*DIRECTIONS*.
In the data below, find the line containing "Riches Couture Tie Dye Hats Collection" and the line containing "ComBank plants trees", then reproduce them and every line between, exactly. Omit pictures.

*DATASET EXTRACT*.

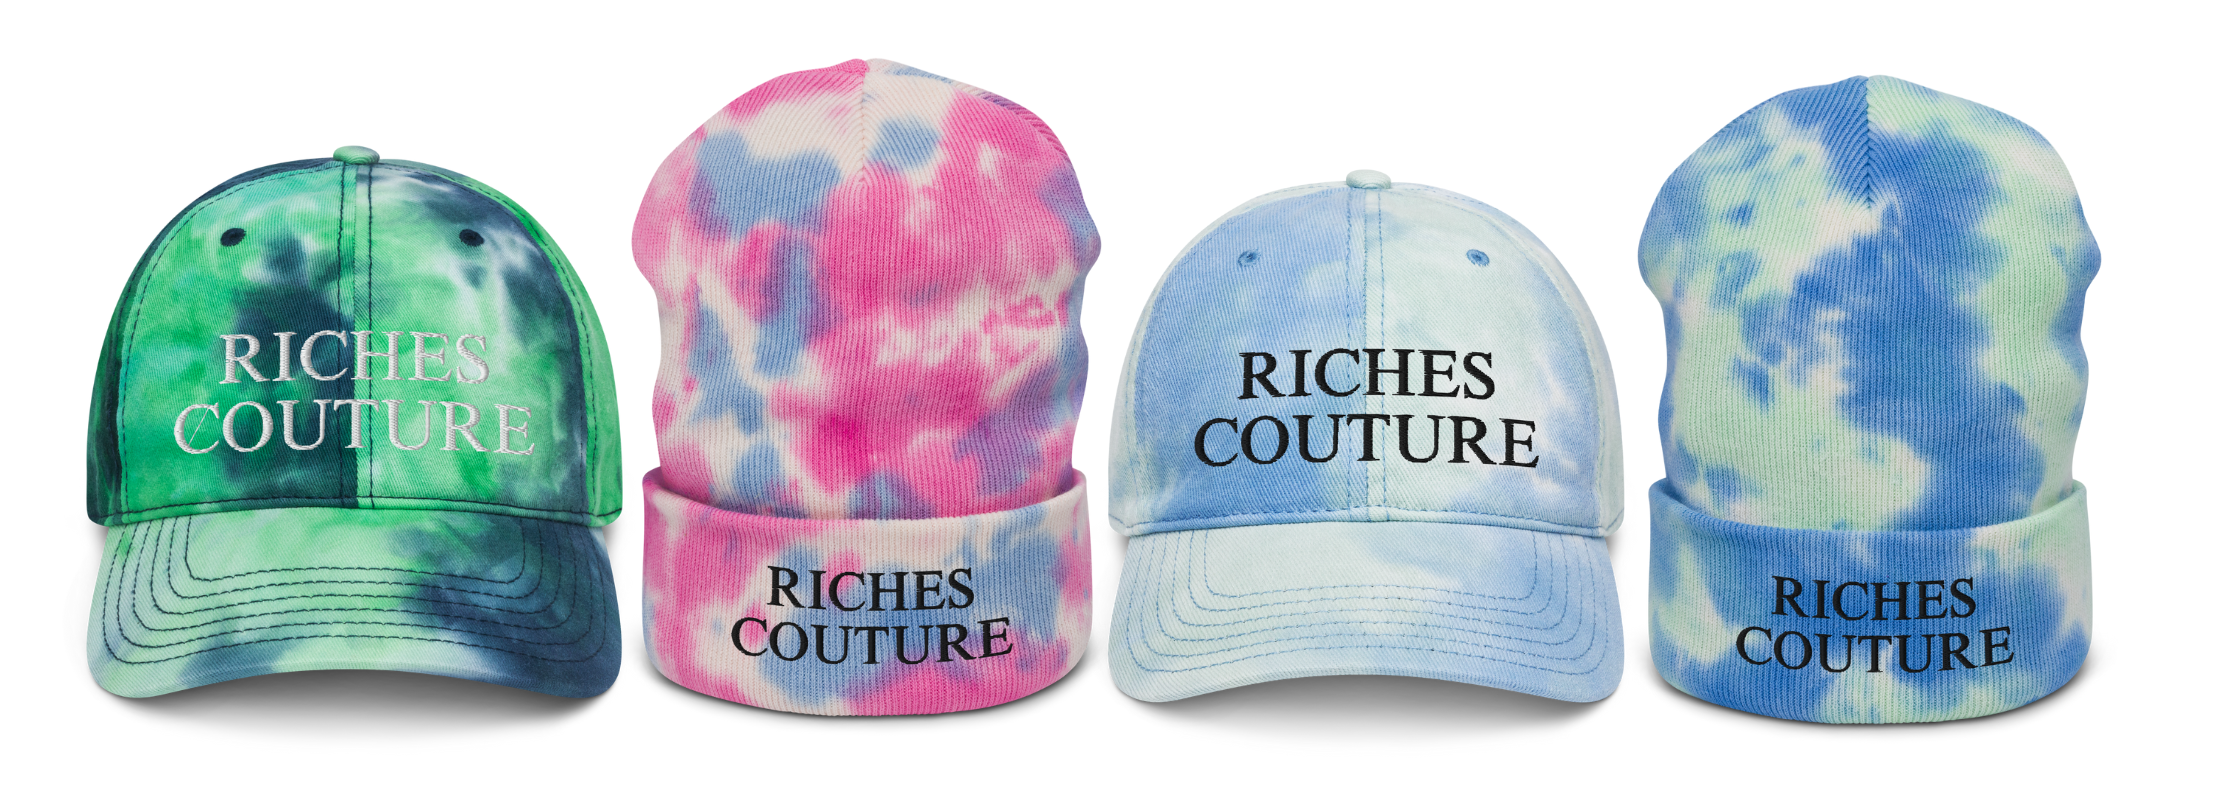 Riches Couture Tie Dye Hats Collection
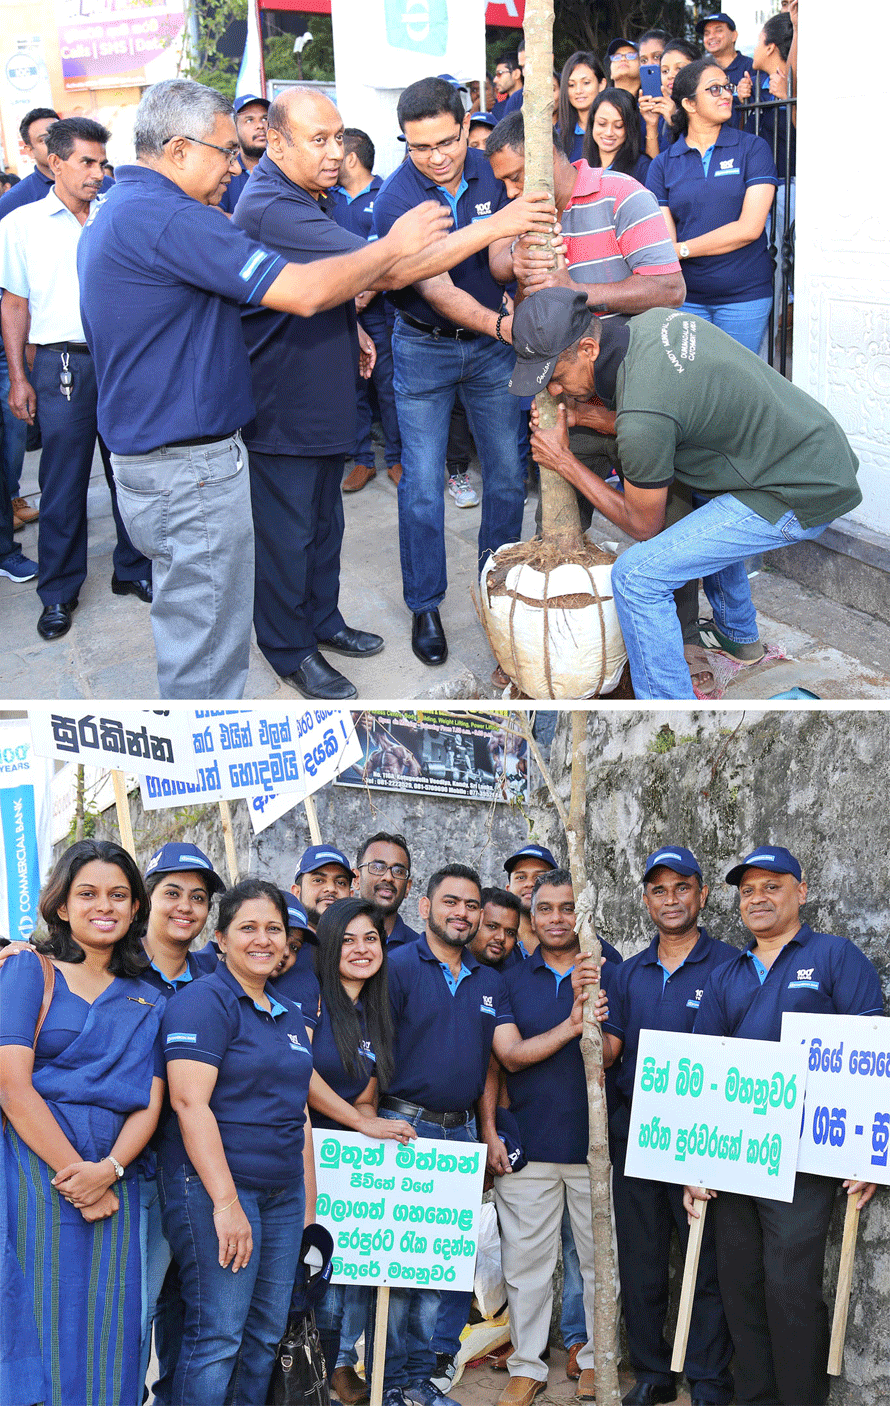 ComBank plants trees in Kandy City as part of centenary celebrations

* * *

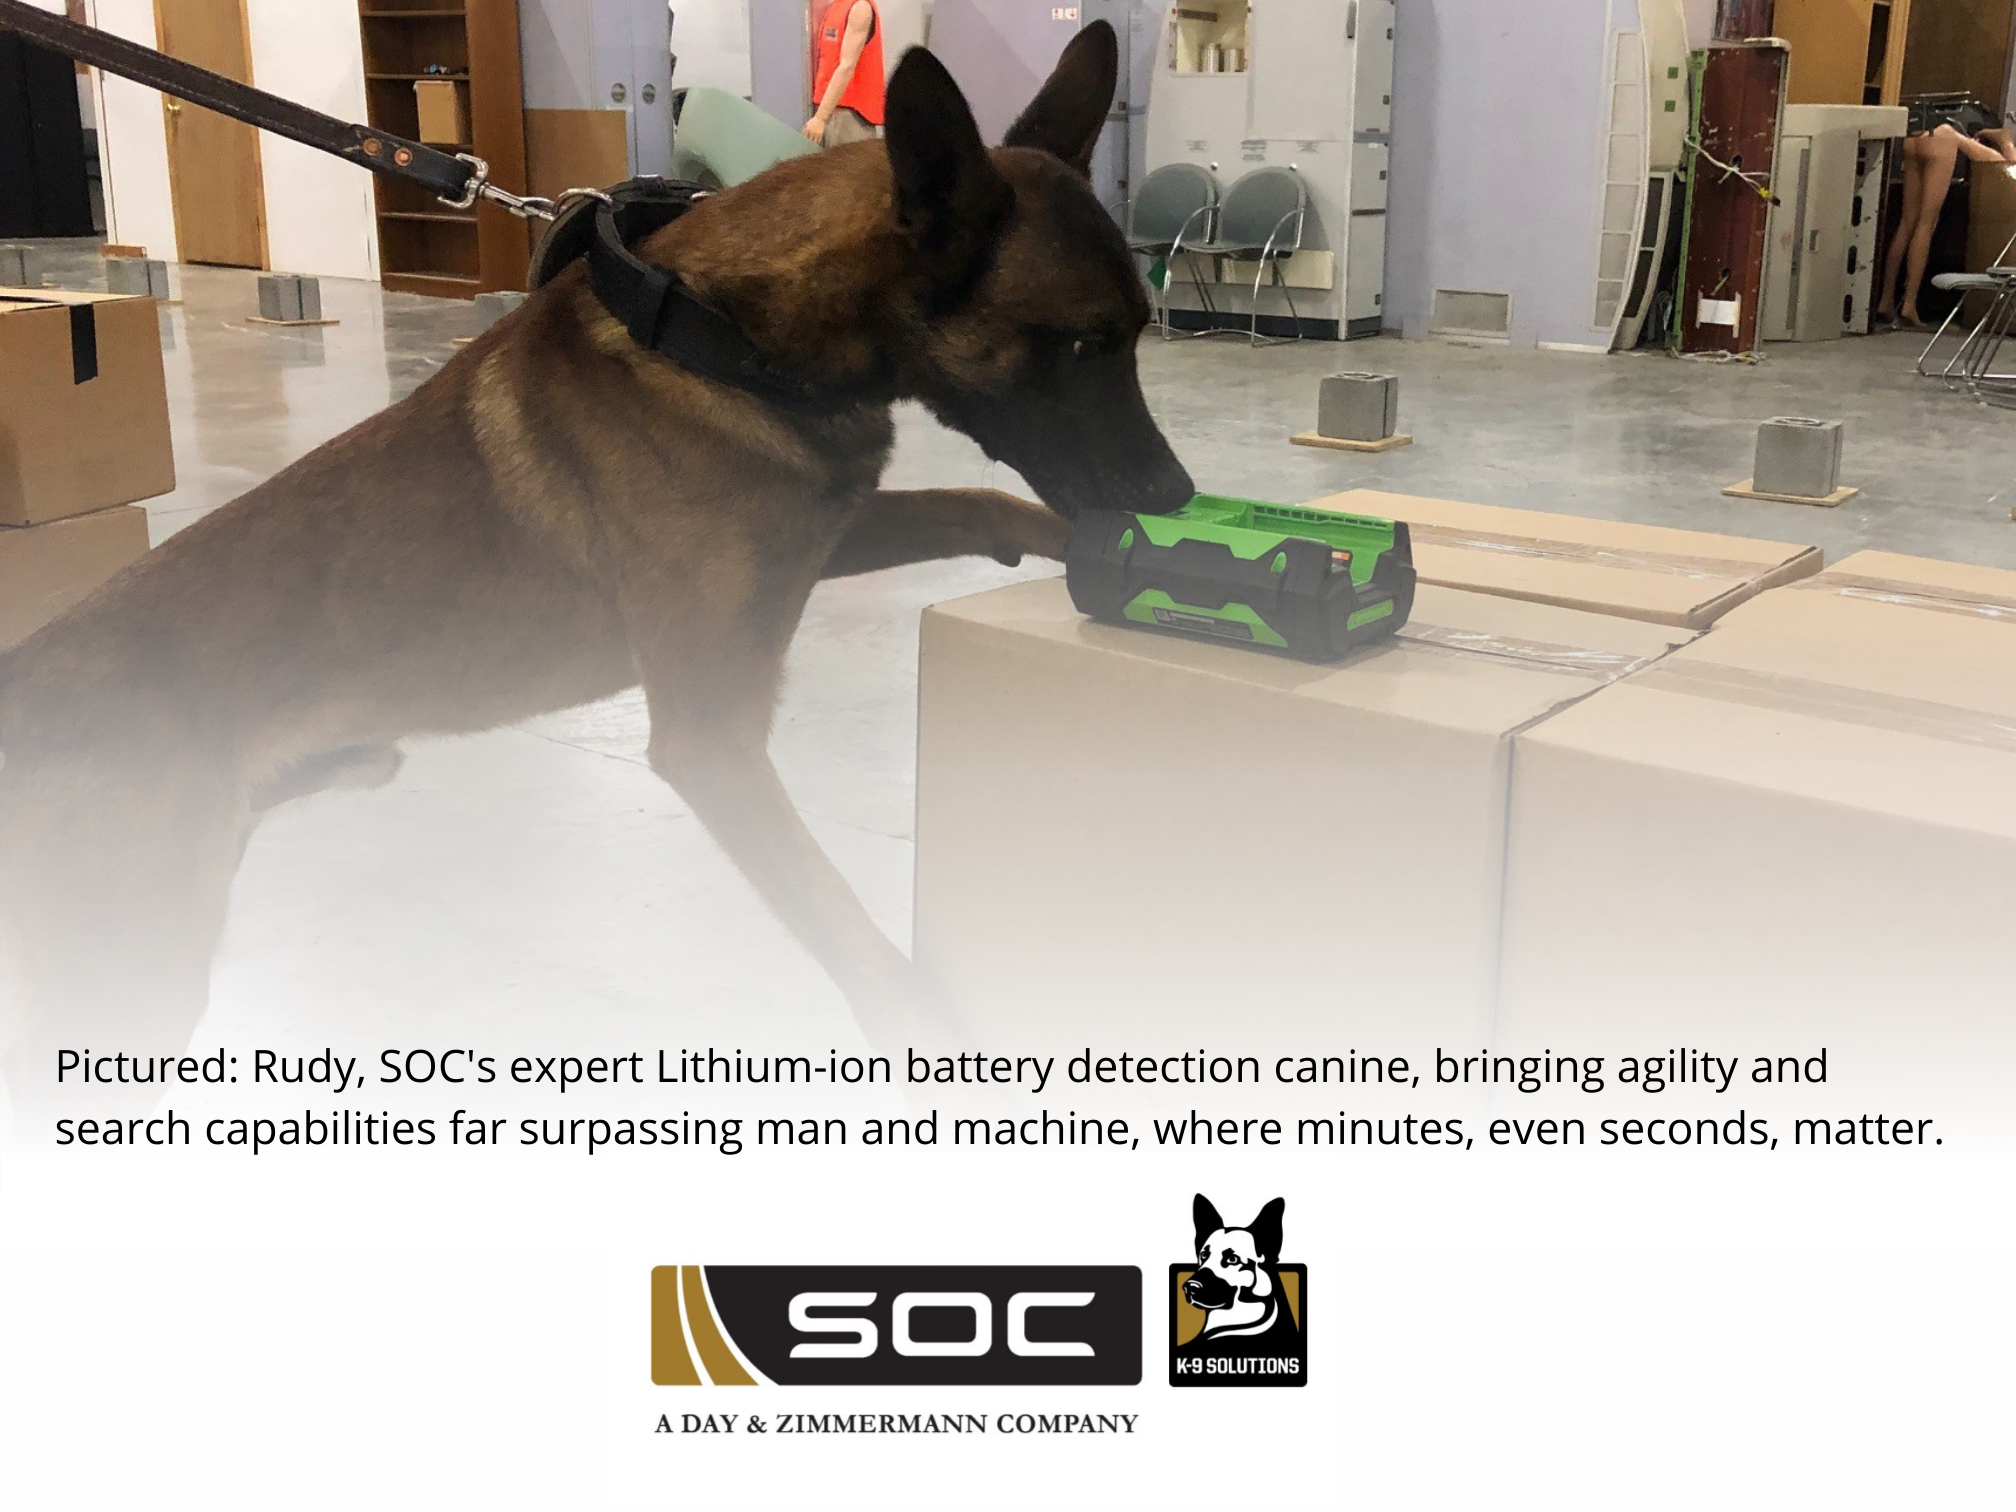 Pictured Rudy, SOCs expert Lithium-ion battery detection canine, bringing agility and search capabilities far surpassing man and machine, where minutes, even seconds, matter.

--

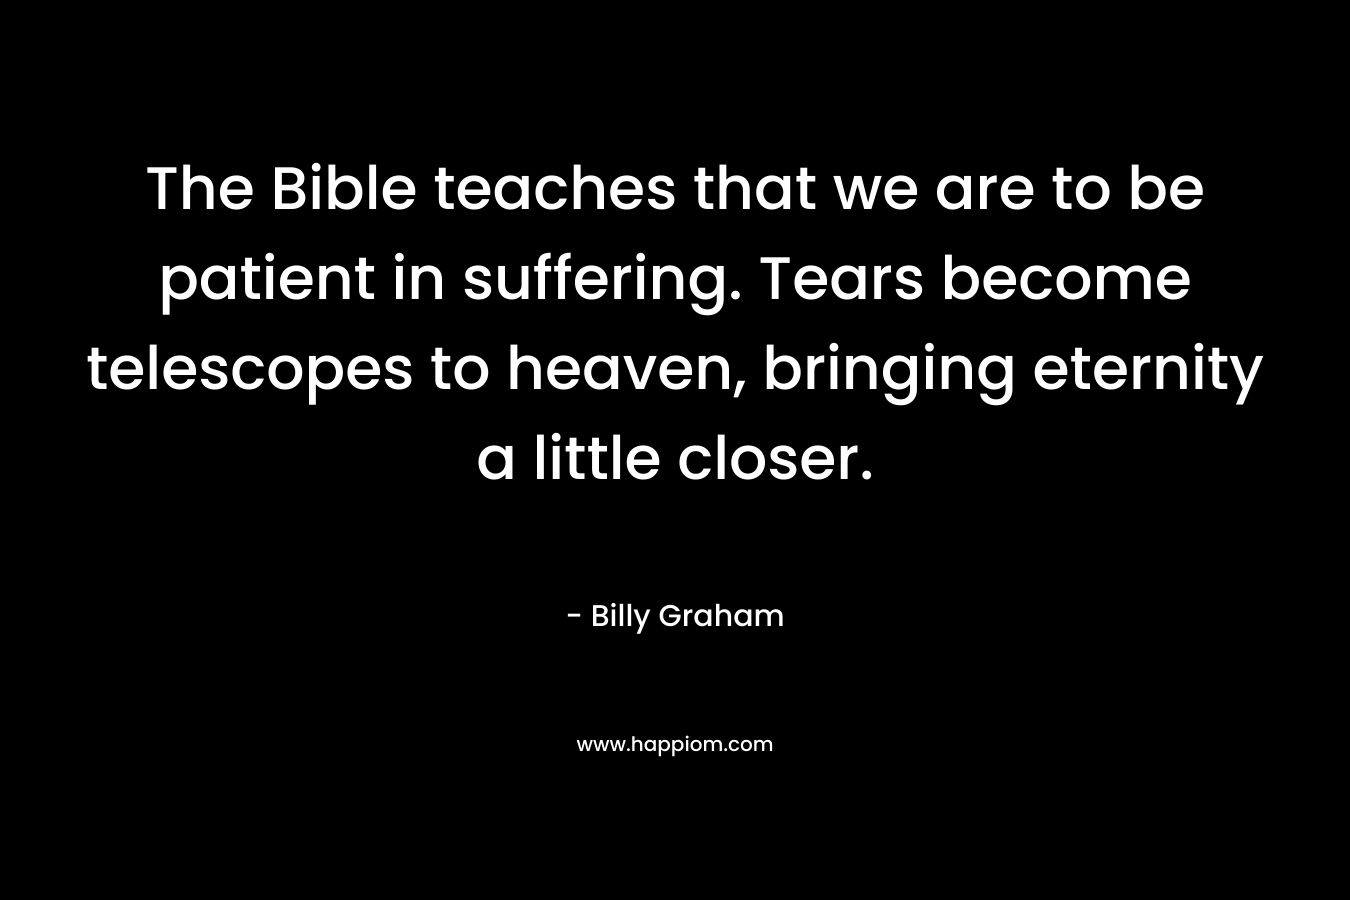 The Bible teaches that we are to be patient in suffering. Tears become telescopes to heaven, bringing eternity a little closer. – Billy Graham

*SOLUTION TO THIS PROBLEM*.
 Riches Couture Tie Dye Hats Collection
 ComBank plants trees in Kandy City as part of centenary celebrations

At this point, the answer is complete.